If you are a Teacher-Librarian and even if you’re not, you should visit Mark’s blog and read this post. There is much more in it than what I’ve drawn on here. Lots to contemplate.
Network and Media Literacy becomes ever-so-pressing, and yet we debate the pros and cons of filtering. Metadata has always been critical to web publishing (ask advertising), so in many ways ‘tagging’ has been around since we started to track ‘eyeballs’. I think the real issue here is the lack of TLs that are either being trained, or able to grasp the importance of it. I am not sure the ‘web’ itself will agree a common system, due to the competing nature of commercial content for ‘eyeballs’ and the continuing development of various browser platforms. I suspect the answer lies somewhere in the Open Source Community. I think it will get worse before it gets better. Few teachers can navigate the web, let alone scaffold learning with tags and social bookmarks. Guess your students will be the lucky ones.
I read Mark’s post after you ‘tweeted’ it Jenny….I have had a struggle with what the role of TL will be in schools in the next few years . I agree with Mark’s statement that TL’s need to “move out of the libraries and into the streets” or in the case of schools -move into the everyday teaching and learning that goes on in every class, every day.
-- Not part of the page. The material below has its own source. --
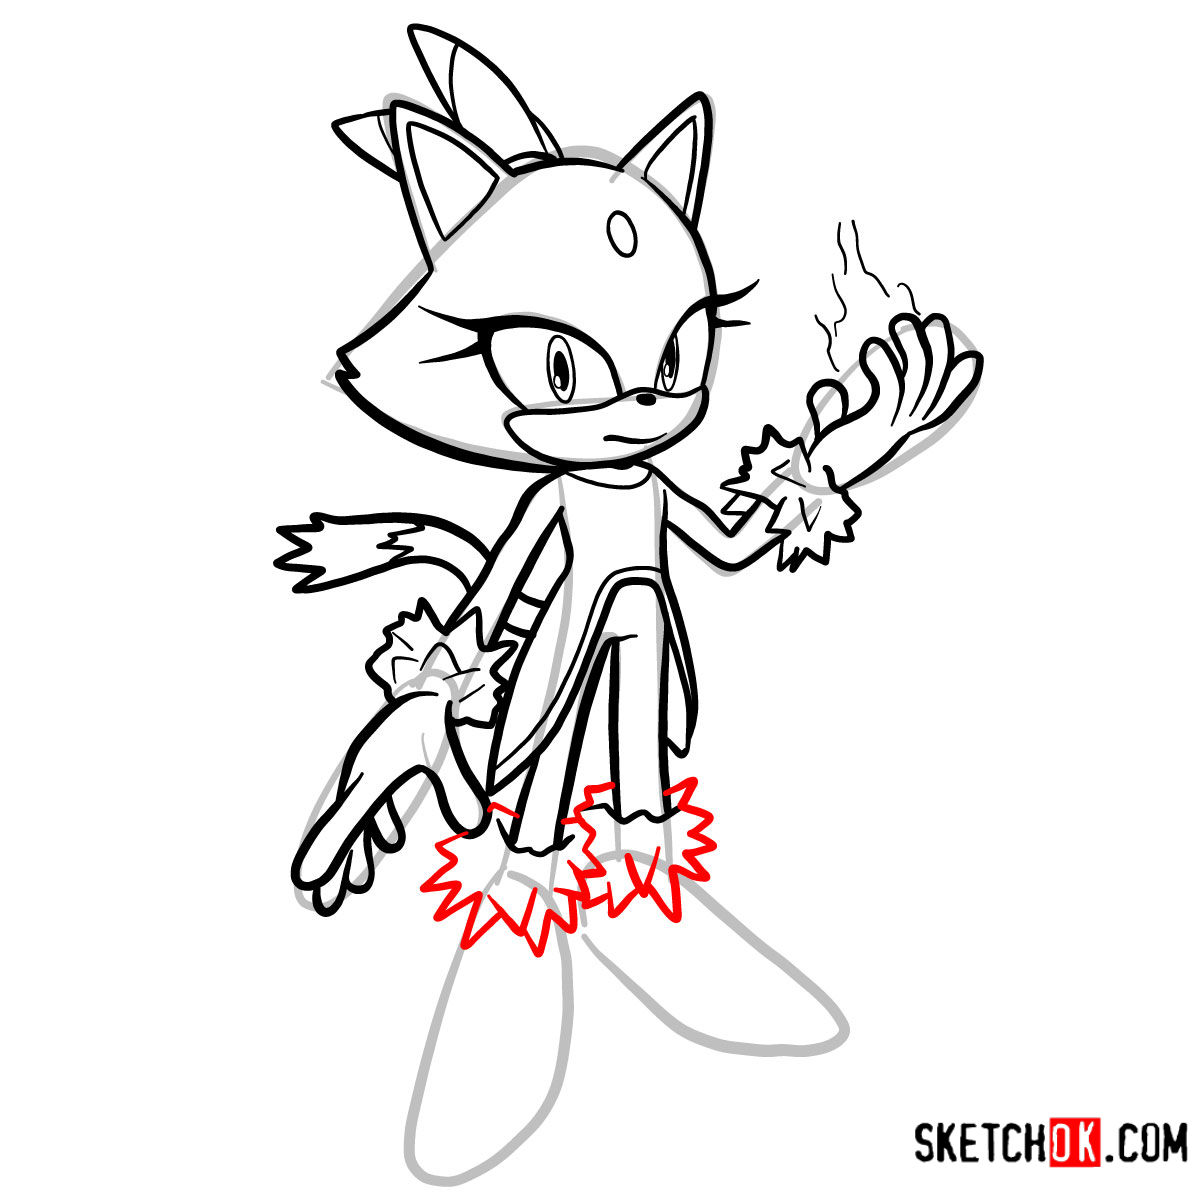 How to draw Blaze the Cat | Sonic the Hedgehog - step 10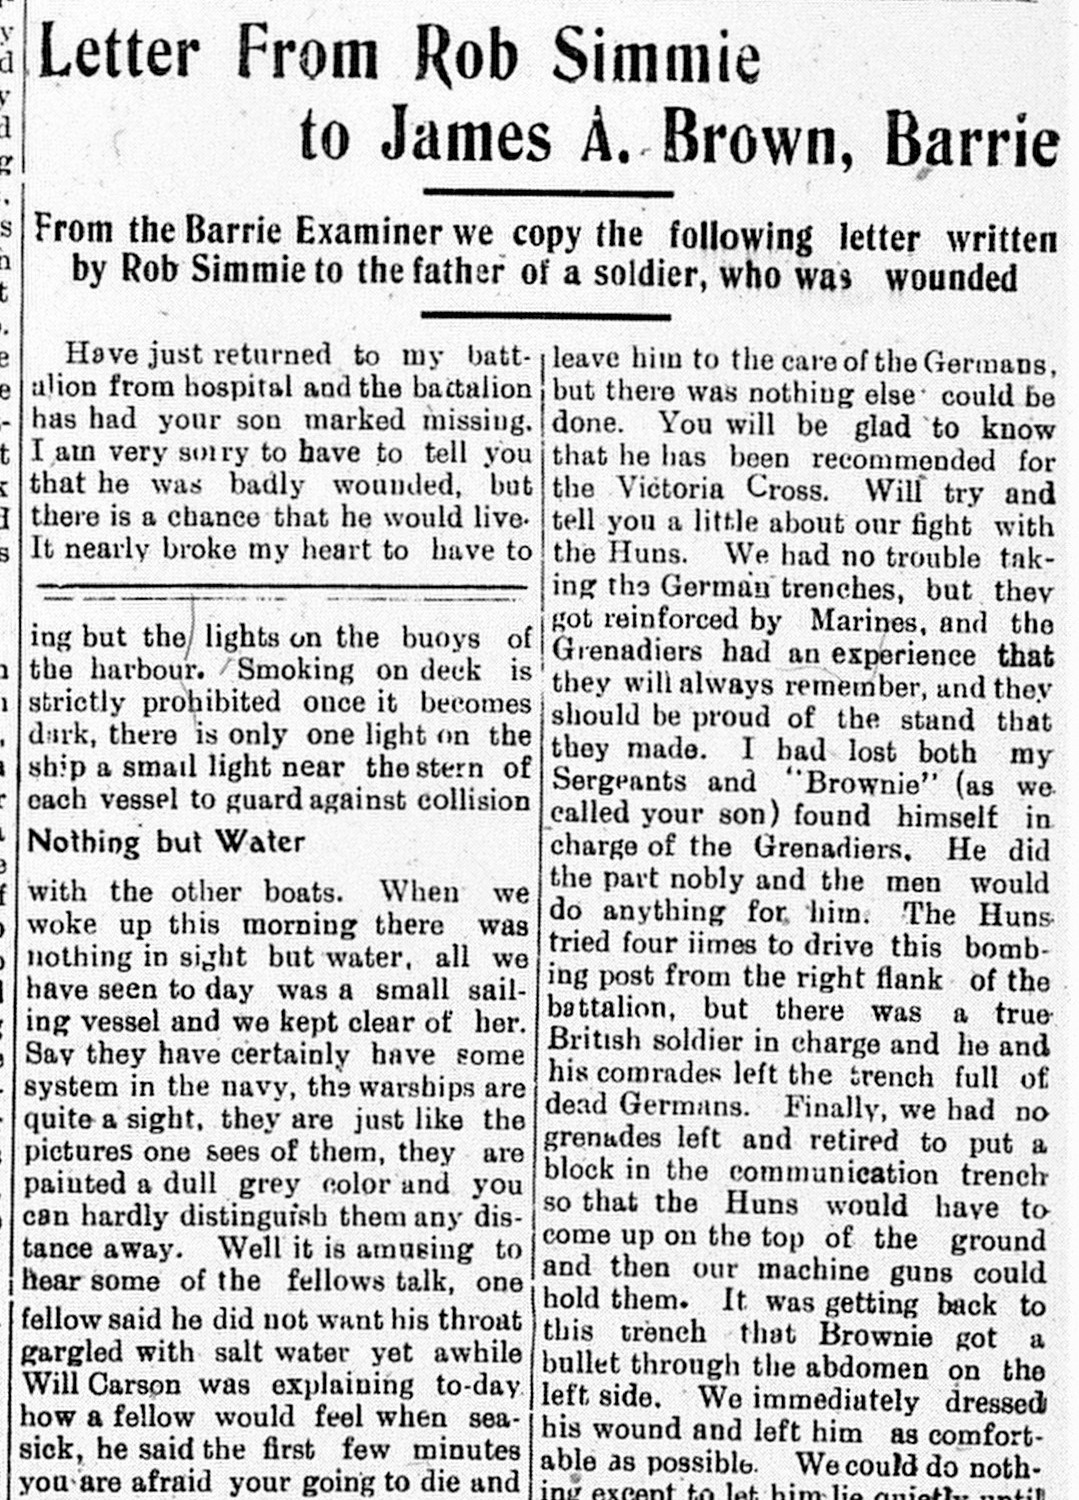 Canadian Echo, December 20, 1916, p.1, part 1 of 2

In addition, they need to ‘move into’ the day to day management of the data and information required of the whole learning community within a school- the leaders, teachers, parents and students. Assisting in managing all types of data and information generated by the community. This still doesn’t happen enough.
Mark’s statement ‘Librarians will become partners in information management, indispensable and highly valued’ reflects a vision of what the role can be, once TL’s move out from the four walls of the library building and embrace the dynamic, evolving, information rich learning community & play a part in managing the information and data within. I liked his statement: ‘Consider: the more something is shared, the more valuable it becomes. The more you share your knowledge, the more invaluable you become. That’s the future that waits for you.’ This is what a learning community is all about…this is the future I want- for myself & the school in which I work.